Merasa Kesepian Jadi Masalah Lain di Masa Pandemi
Merasa kesepian ternyata menjadi masalah besar lain sebagai dampak dari pandemi. Keterbatasan membuat sebagian orang harus melewati situasi sulit.
Hal itu ternyata berpengaruh kepada perasaan yang berujung pada gangguan kesehatan mental yang di alami masyarakat, termasuk Indonesia.
Sebagian besar mereka merasa kesepian dan ingin menyakiti diri sendiri.
98 persen orang merasa kesepian selama pandemi
Berdasarkan sebuah survei yang dilakukan oleh Into The Light dan Change.org terkait kesehatan masyarakat Indonesia pada periode Mei sampai Juni.
Didapati hampir semua partisipan yang terdiri dari 5.211 orang dari enam provinsi di Pulau Jawa merasakan kesepian.
Sementara itu peneliti pascadoktoral Universitas Macau yang juga mitra Into The Light, Andrian Liem menyebut dari survei itu juga ditemukan bahwa 40 persen respon memiliki pemikiran untuk melukai diri sendiri.

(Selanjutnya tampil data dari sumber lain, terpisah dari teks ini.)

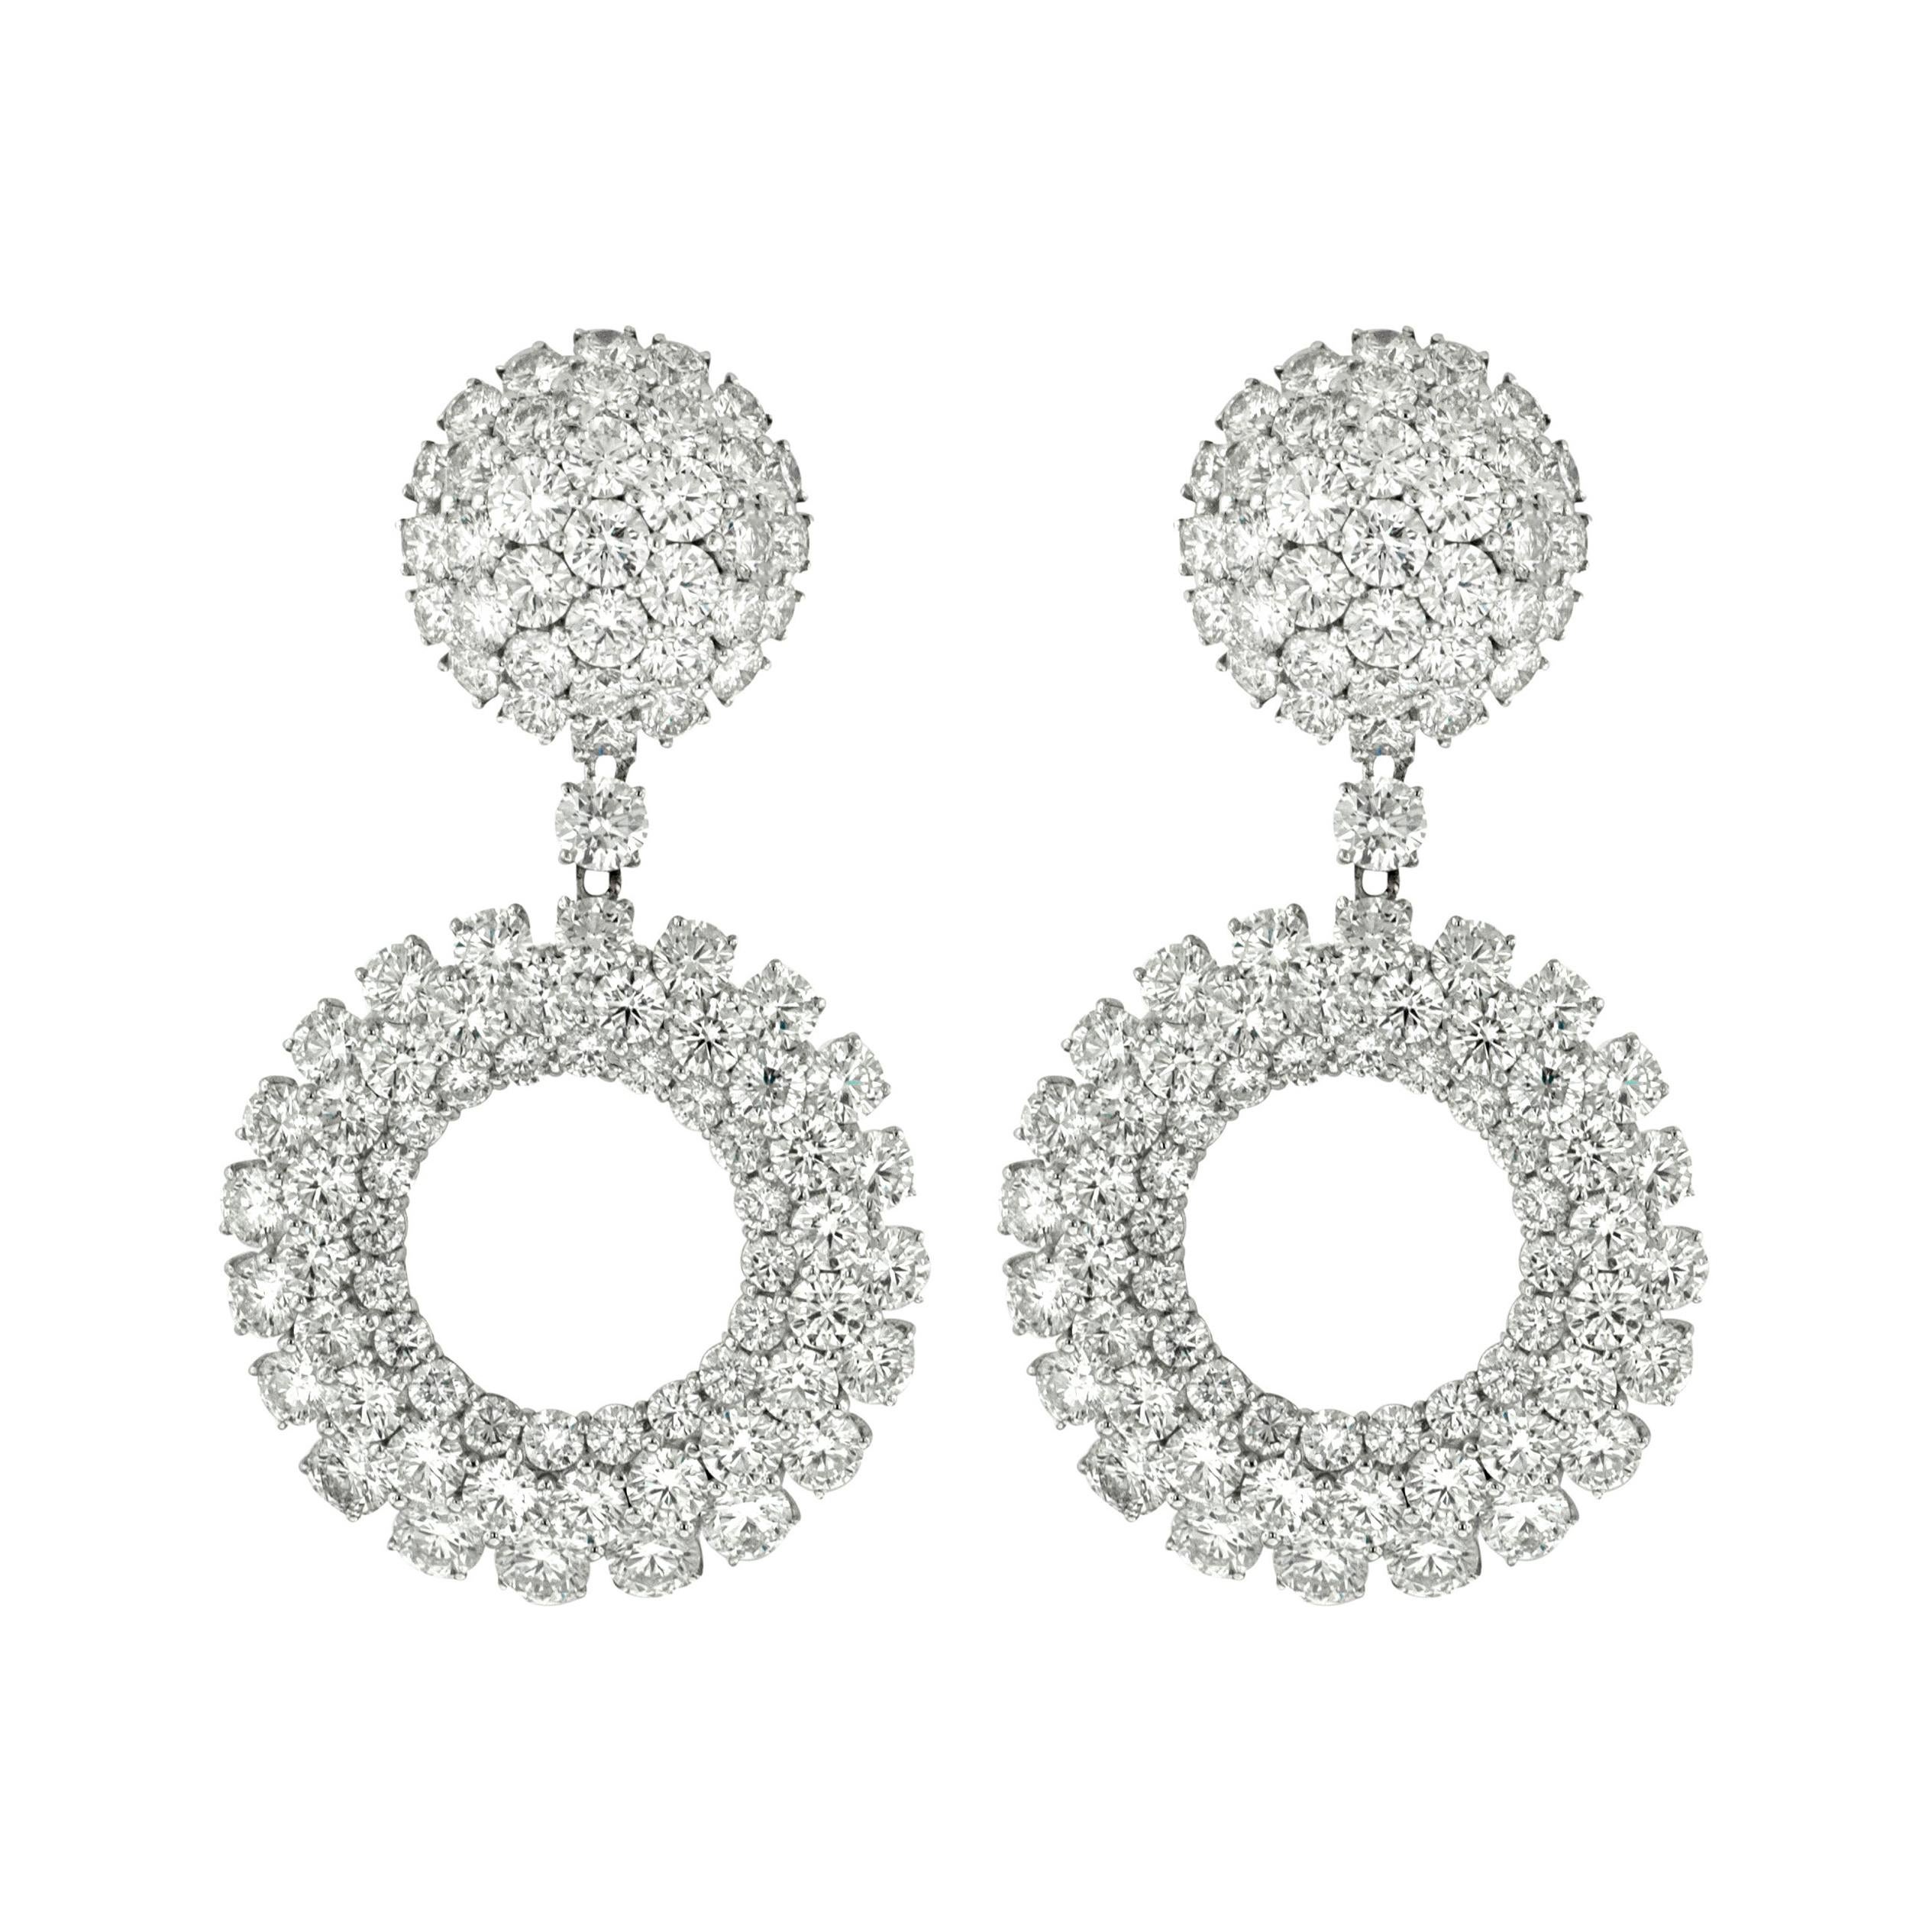 Circle Pave Fashion Diamond Earrings with Brilliant Cut Diamonds in White Gold

Bahkan sampai pada level untuk bunuh diri dalam dua minggu terakhir.
Dari survei itu pula ditemukan bahwa masih banyak responden yang melihat adanya stigma terkait bunuh diri yang sangat kuat. Hal tersebut tercermin dari tidak ada partisipan yang menjawab seluruh pertanyaan tentang fakta dan mitos bunuh diri dengan benar.
Responden enggak berkonsultasi ke psikolog atau pskiater
Uniknya tidak sedikit partisipan yang beranggapan bahwa menayakan keinginan bunuh diri pada sesorang akan memicu keinginan melakukannya.
“Ini adalah mitos, justru menanyakan hal tersebut dapat membantu mencegah keinginan sesorang untuk mengakhiri hidup,” tutur Andrian.
Kendati perasaan kesepian menerpa hampir seluruh responden, anehnya mereka tidak berpikir untuk melakukan konseling ke psikolog atau psikiater.
Mereka justru meyakini anggota keluarga dan teman dekat dengan jenis kelamin yang sama bisa menjadi sosok ‘pembantu’ dalam mengatasi masalah mental kesehatan jiwa.
Hal tersebut selaras dengan hasil survei yang menunjukan hampir 70 persen dari total partisipan mengaku tidak pernah mengakses layanan kesehatan mental dalam tiga tahun terakhir.
Alasan yang paling umum adalah biaya layanan kesehatan mental dianggap terlalu mahal dan tidak terjangkau.
“Keyakinan ini menunjukan partisipan lebih perlu dukungan sosial. Namun perlu diingat bahwa tenaga kesehatan jiwa profesional lebih memiliki keahlian dalam menangani kesehatan mental dan dapat menjaga rahasia klien yang berkonsultasi,” tutur Andrian.